■ Data extract:
* * * * * * * * *
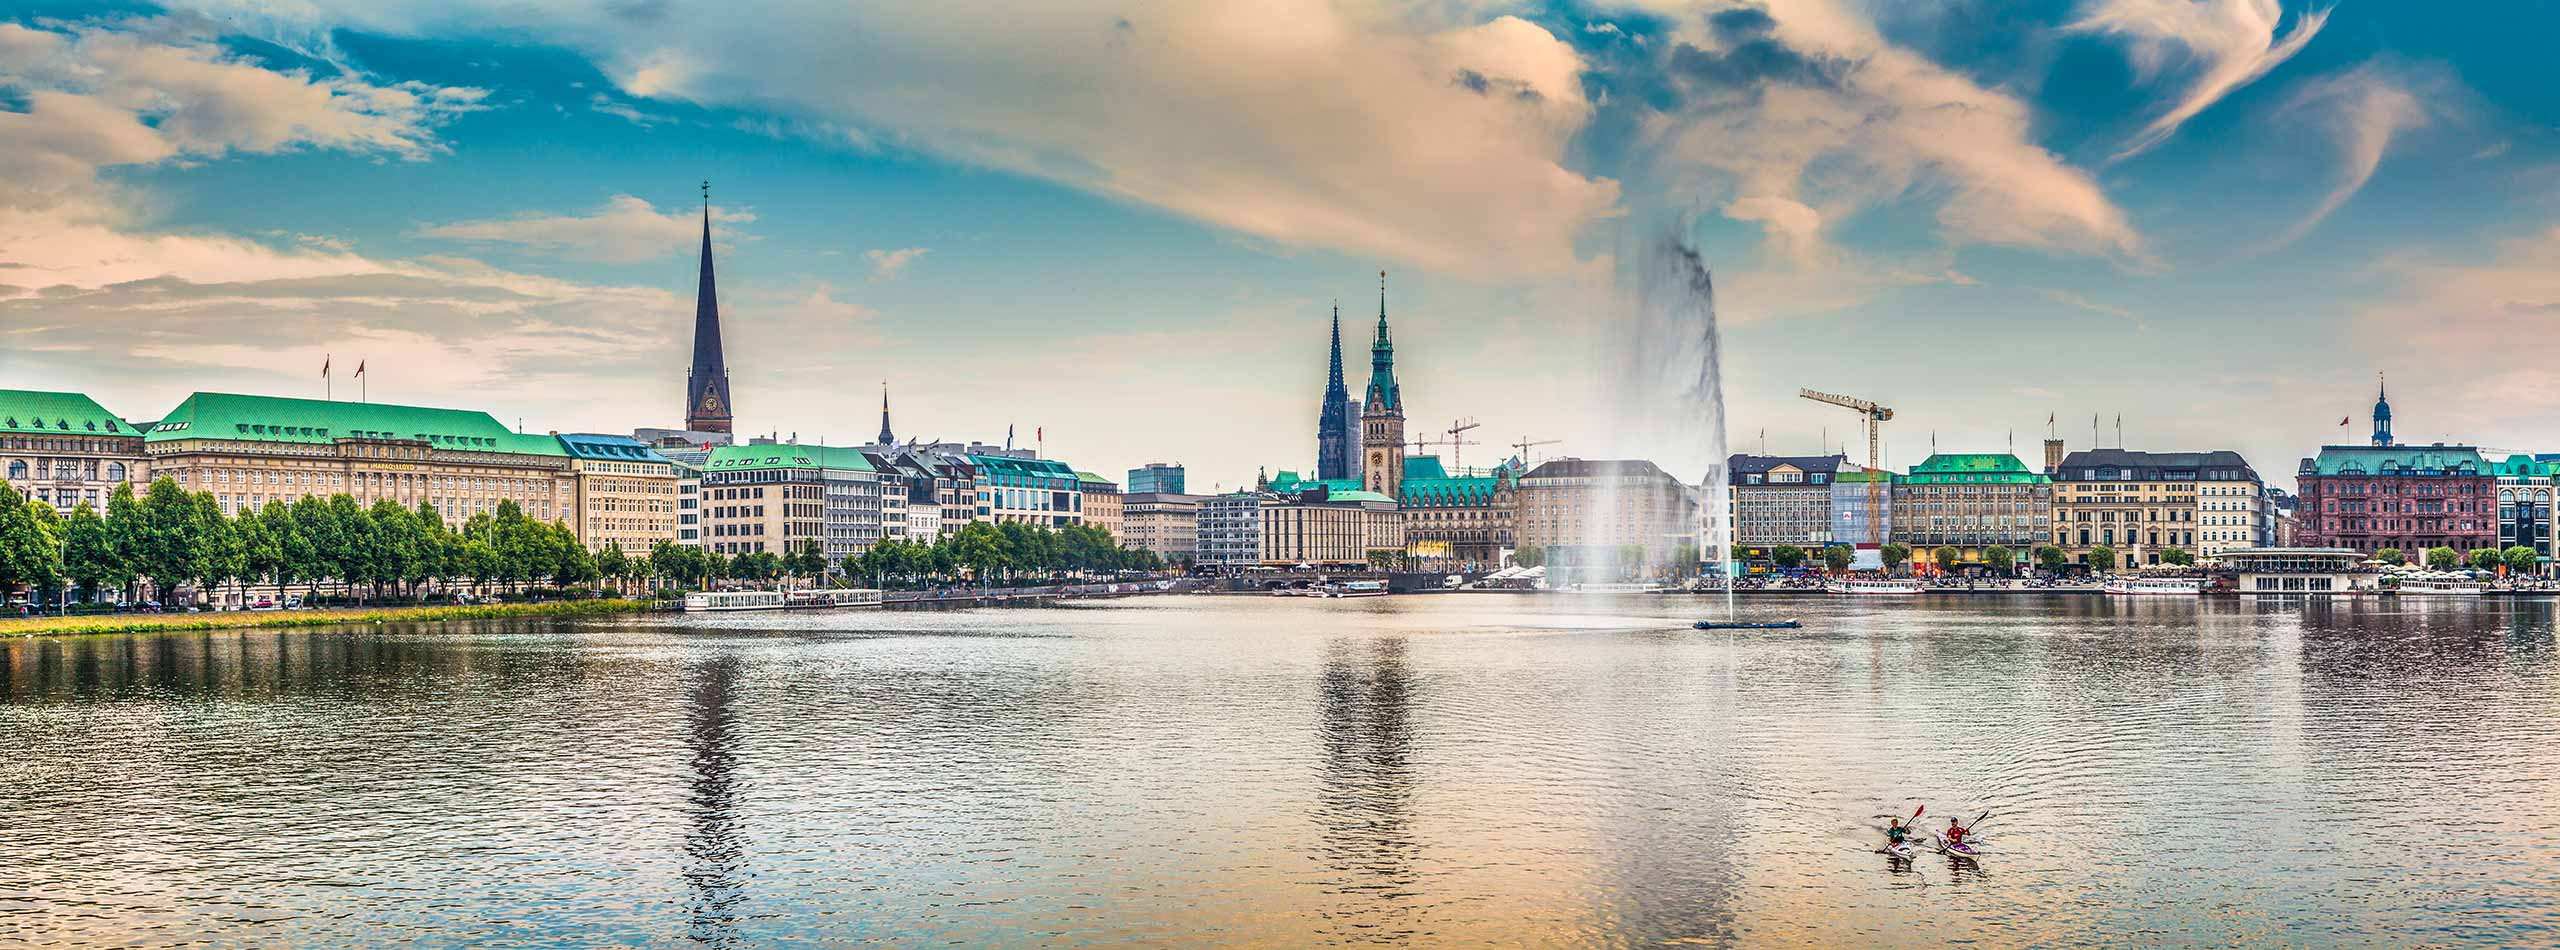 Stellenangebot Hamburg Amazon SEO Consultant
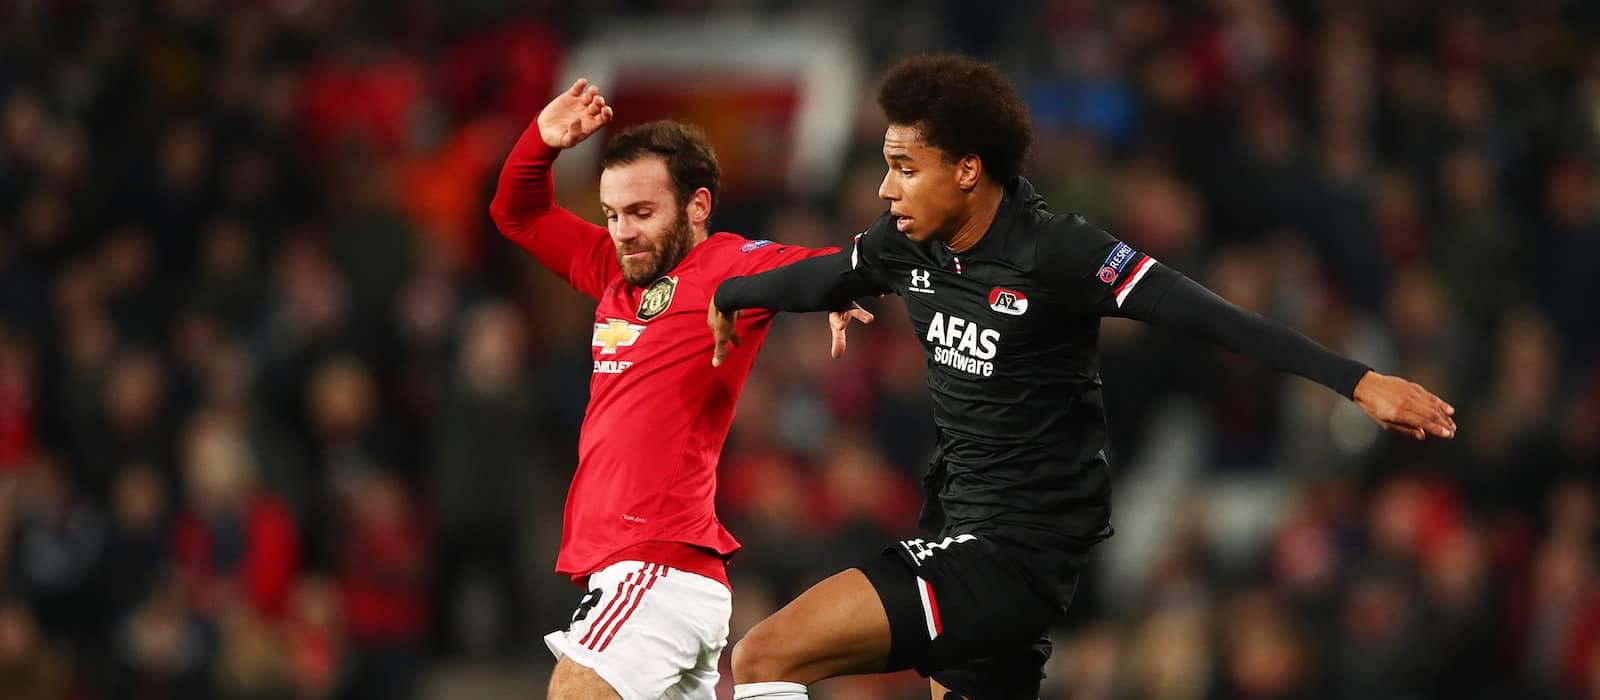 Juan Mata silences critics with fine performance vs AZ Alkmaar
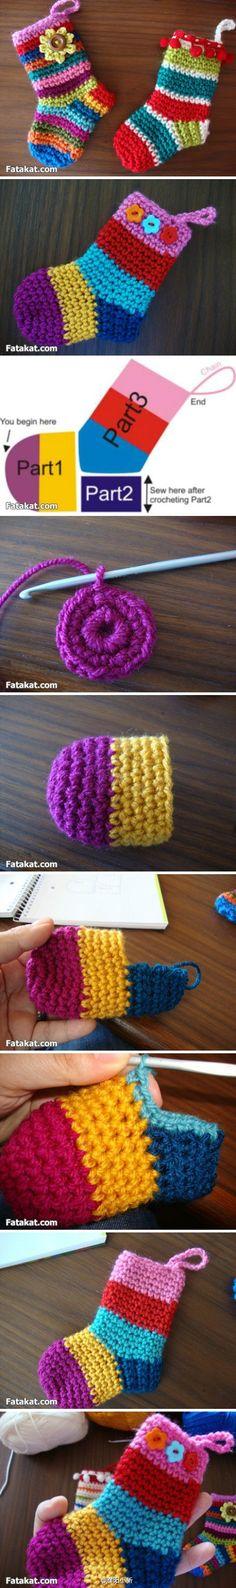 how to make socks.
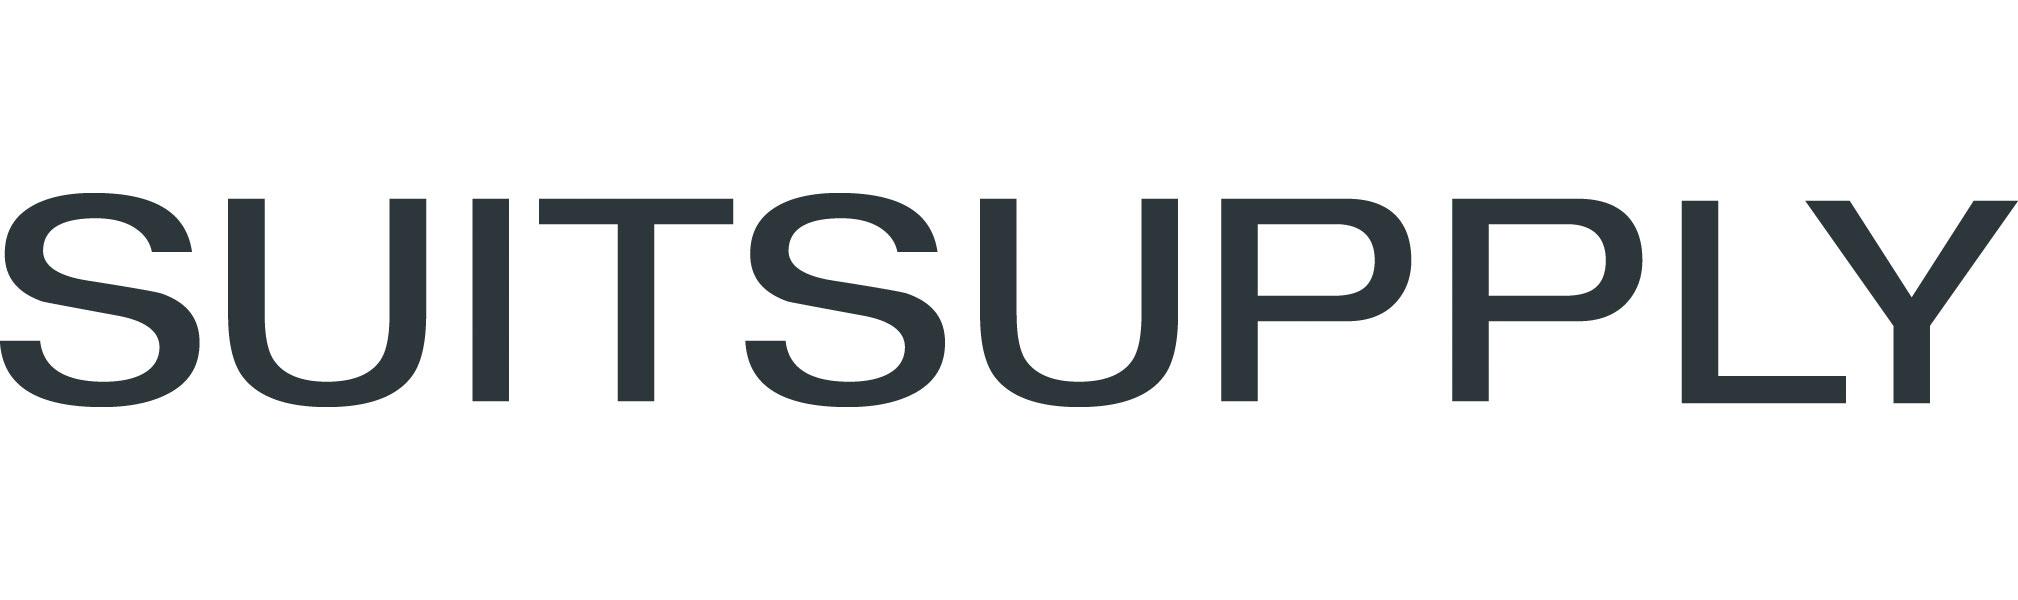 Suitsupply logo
* * * * * * * * *
■ How to complete this task:
Write out the lines of the material from the one containing "Juan Mata silences" through the last, exactly and only those. Leave every picture out.

■ Exercise answer:
 Juan Mata silences critics with fine performance vs AZ Alkmaar
 how to make socks.
 Suitsupply logo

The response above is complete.